Activist investor Carl Icahn is telling people he supports Brian Duperreault, to be the next chief executive officer of American International Group, sources tell the Fox Business network.
Duperreault, the onetime right hand man to Maurice “Hank” Greenberg, has been on Icahn’s radar for just over a year, with the billionaire pitching him as a replacement for outgoing CEO Peter Hancock to members of the board and has told confidants that he considers Duperreault the perfect fit to take over the job, people familiar with the matter said.
AIG declined to comment. Duperreault could not be reached for comment. Icahn did not confirm or deny the account.
AIG has had a tumultuous six months with the firm struggling to match earnings expectations, which was most evident in their disappointing fourth quarter results. A few weeks after their fourth quarter earnings, the board was getting unhappy with the company’s performance and Hancock was forced to resign after three years on the job. He agreed to stay on until a successor was found.
Icahn, who owns a 4% stake in the company, was known to be against Hancock as CEO and said to people recently that Hancock was “someone who was trying to do brain surgery but was really a knee surgeon.”
Icahn’s embrace of Duperreault comes as some analysts say that the board of AIG brought him in to take an aggressive stance against activist investors who demand changes to company policy after they take a stake in the company.
Duperreault is the likely choice to lead the firm and his resume speaks for itself, including a two decade stint at AIG working in the company’s risk management department in 1978 and eventually becoming Executive Vice President of AIG Foreign General Insurance where he would work until 1994.
If Duperreault gets the job, he will face an uphill battle to try and right the ship.
The insurance company has paid off a nearly $185 billion U.S. government bailout extended during the 2008 financial crisis and had to sell many of its businesses to repay taxpayers. AIG’s profit margins have notably lagged behind many of the insurer’s rivals since its near collapse.
After his work at AIG, he then became the CEO of ACE Limited, an insurance and reinsurance company, until 2004 when he went into retirement.

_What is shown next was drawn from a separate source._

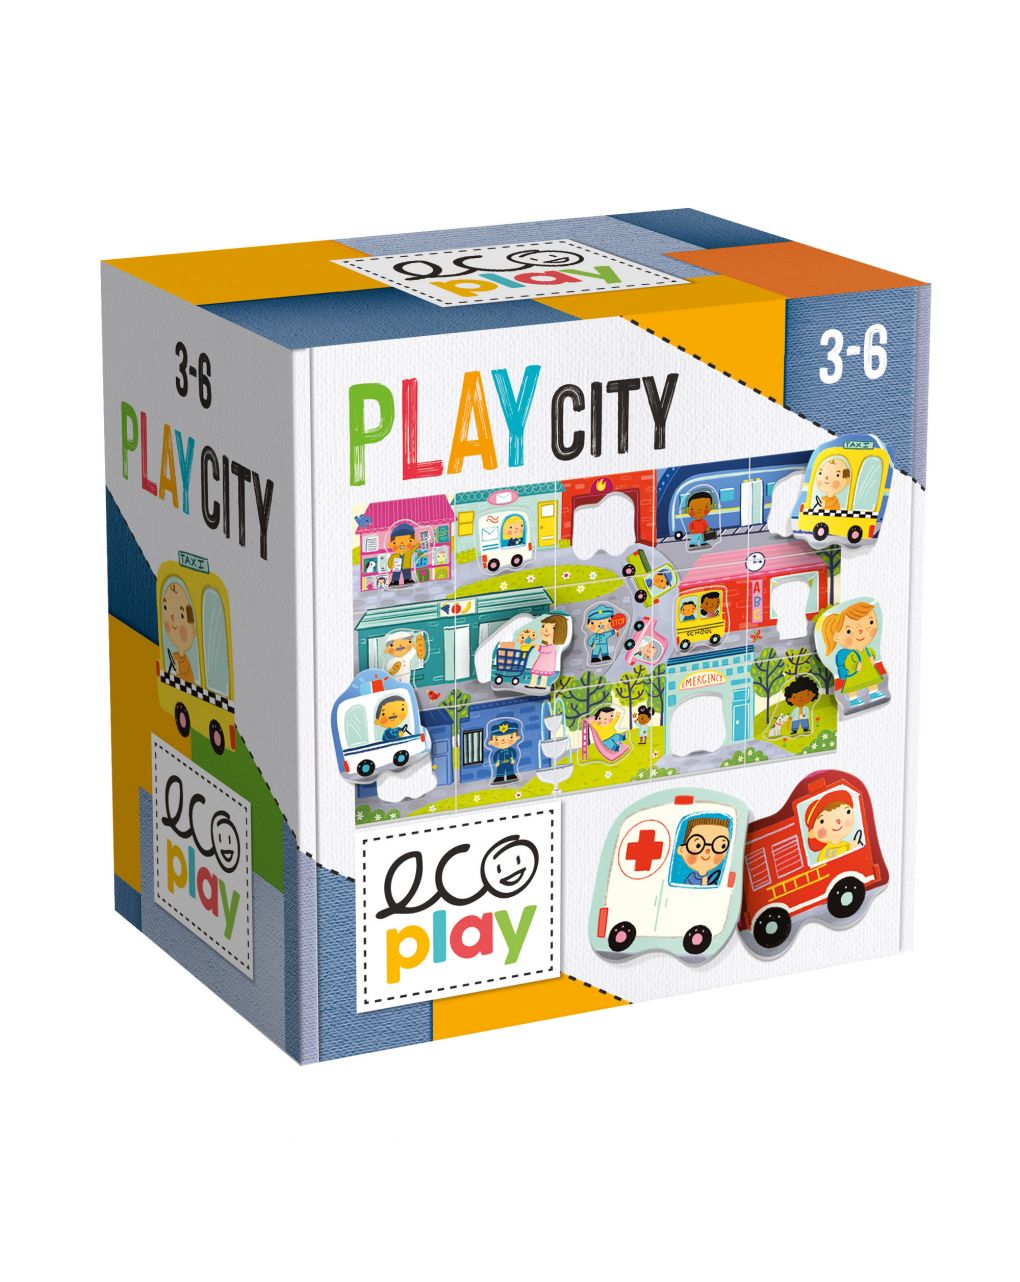 Ecoplay - play city - Headu

In 2008 he was pulled out of retirement to become the CEO of Marsh & McLennan, a New York based global professional services firm with a focus on insurance brokerage and risk management consulting.
As shareholders became frustrated with the firms performance and there were calls for it to be broken up, Duperreault fixed the problem by cutting costs, strengthening the management team and acquiring smaller firms to bolster growth, including to better serve smaller U.S. companies, among other moves.
He left Marsh & McLennan in 2012 and went on to become the chairman and CEO of Hamilton Insurance Group, a Bermuda-based holding company, with principles of hedge fund Two Sigma Investments. Last year, Hamilton teamed with AIG and Two Sigma on a joint venture to sell insurance online to small businesses, using advanced data analytics.